Now, we are entering a new phase in our relationship with Iraq, and we are very committed to making a major civilian commitment to Iraq’s future. We’ll be opening, as you know, and running consulates in Irbil and Basra, we’ll have civilian experts available to work with not only Iraqi counterparts, but also Americans and to support American businesses in the years to come, as we do in our diplomatic – especially our commercial diplomatic work all over the world. And so it’s time for the United States to start thinking of Iraq as a business opportunity. And the sacrifice that the Iraqi people have made for your freedom is one that we highly respect.

According to the IMF, Iraq is projected to grow faster than China in the next two years. Now, let me repeat that, because when I read it I said, okay, are you sure because we always think of China as being the juggernaut? But no, indeed, Iraq is projected to grow faster than China.
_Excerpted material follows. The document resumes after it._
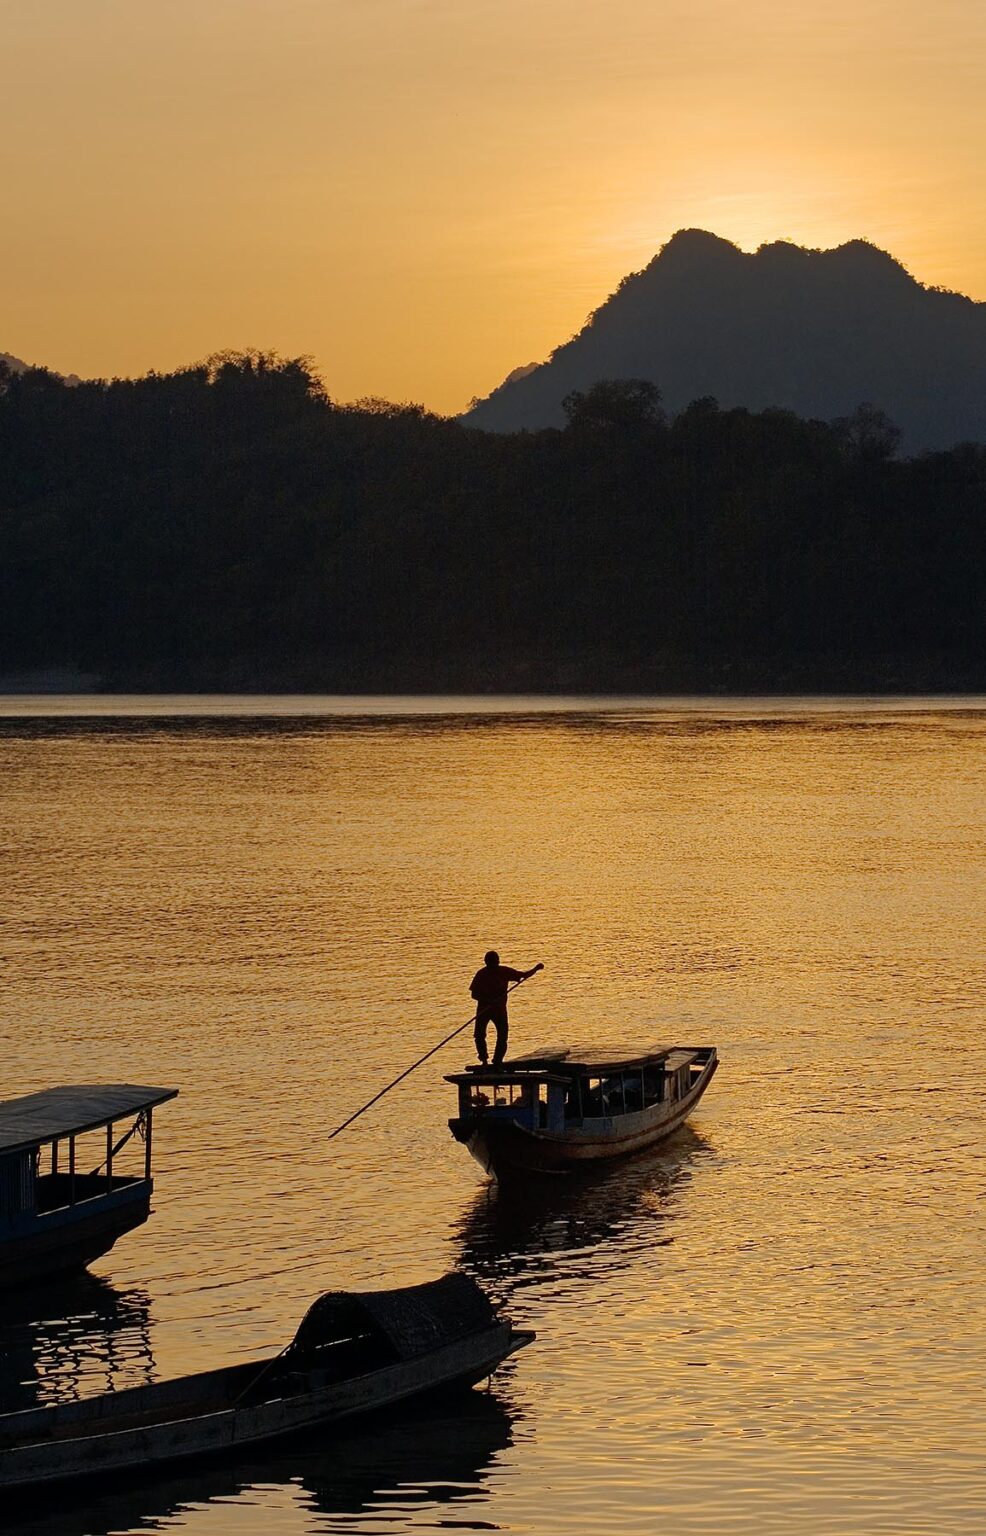 The sunsets on the Mekong River silhouetting a slow boat which is used for transportation - LUANG PROBANG, LAOS

Secretary Clinton’s comments to the corporate leaders gathered at the Business Forum Promoting Commercial Opportunities in Iraq, make it clear that there is more than just the elimination of al-Qaeda behind America’s willingness to give millions of dollars and thousands of lives to the establishment of an American suzerainty in Baghdad. There is the expansion of the American Empire and the concomitant promotion of the IMF.

Despite what some commentators may suggest, it is unlikely that President Obama will be dissuaded by the appearance of reneging on campaign promises to end the wars in Iraq and Afghanistan or by the death of five American soldiers in Iraq last week from pressing for a long-term American future in Iraq.